It may not feel like it, but it was just three years ago that the SEC adopted its new ETF rules, modernizing how the wrapper is regulated. The move had been a long time coming, taking the burgeoning ETF space to new heights. With ETFs launched that year hitting their crucial three-year milestones in 2022, investors should note some key takeaways from this crop of three-year mark ETFs.
Avantis Investors, part of American Century’s ETF arm, launched in 2019 with a suite of ETFs that have dominated their peers in flows. Three of the top five ETFs ranked by three-year flows are Avantis strategies; the Avantis U.S. Small Cap Value ETF (AVUV), the Avantis U.S. Equity ETF (AVUS), and the Avantis International Small Cap Value ETF (AVDV) take the first, third, and fifth positions, respectively.
Remarkably, all three Avantis ETFs are actively managed, with the JPMorgan BetaBuilders International Equity ETF (BBIN) being the lone passive strategy in the top five ETFs by three-year flows. In three-year returns, AVUV came second, returning 51%, only surpassed by the remarkable iPath Series B Carbon ETN (GRN), which returned 204% over three years.

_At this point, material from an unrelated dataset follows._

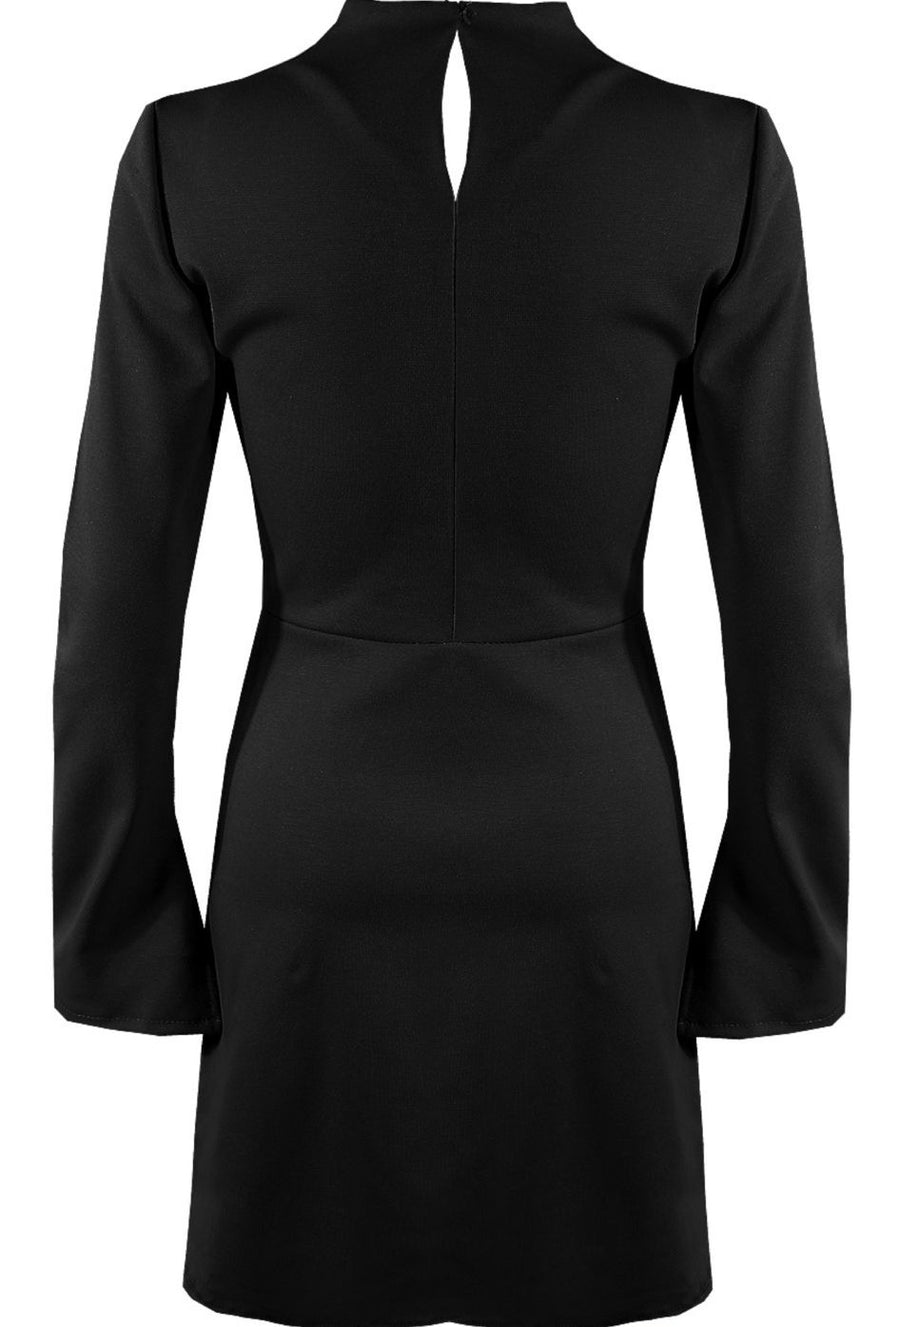 High Neck Shift Mini Dress With Open Cuffs - Black

AVUV, the largest gainer among passive and active ETFs launched in 2019, targets U.S. small-cap value stocks, using fundamental screens including outstanding shares, cash flow, and price-to-book value. All three of the Avantis ETFs lean towards value and smaller companies, privileging more defensive thinking. AVUV charges 25 basis points, seeing almost $4 billion in three-year flows.
ACTIVES STAKE THEIR CLAIM
Avantis’ suite of active ETFs weren’t the only active strategies to show passives how it’s done. Several other strategies focused on risk and volatility cracked the $1 billion mark for three-year inflows, underscoring how uncertain the last few years have been, from the pandemic to full-scale war returning to Europe.
The three ETFs, the Quadratic Interest Rate Volatility & Inflation Hedge ETF (IVOL), the RPAR Risk Parity ETF (RPAR), and the iMGP DBi Managed Futures Strategy ETF (DBMF) took $1.4 billion, $1.37 billion, and $1 billion in three-year flows, respectively. DBMF also stands out with the fourth-best returns over three years, returning 45.5% over that period.
Outside of the $1 billion tier, investors can find Innovator’s power buffer ETF suite adding to the trend of active investment strategies that protect investors from uncertainty while offering their various equity exposures. The Innovator U.S. Equity Power Buffer ETF – November (PNOV) took in $615 million over three years, returning 14.7% over the last three years, one of five Innovator strategies to take in more than $300 million since inception.
Not all news was good news for three-year mark ETFs — five different cannabis strategies launched in 2019, all of which have struggled to perform over three years. None of the cannabis strategies saw returns greater than -55% over three years, with the Global X Cannabis ETF (POTX) returning -85.5% over three years.
While POTX did take in $239 million over three years in net inflows, that was the highest amount among all five ETFs, passive and active. Investors may have initially felt drawn to the growing legal availability of cannabis in states throughout the U.S., but that has yet to bear significant fruit in cannabis-flavored three-year mark ETFs.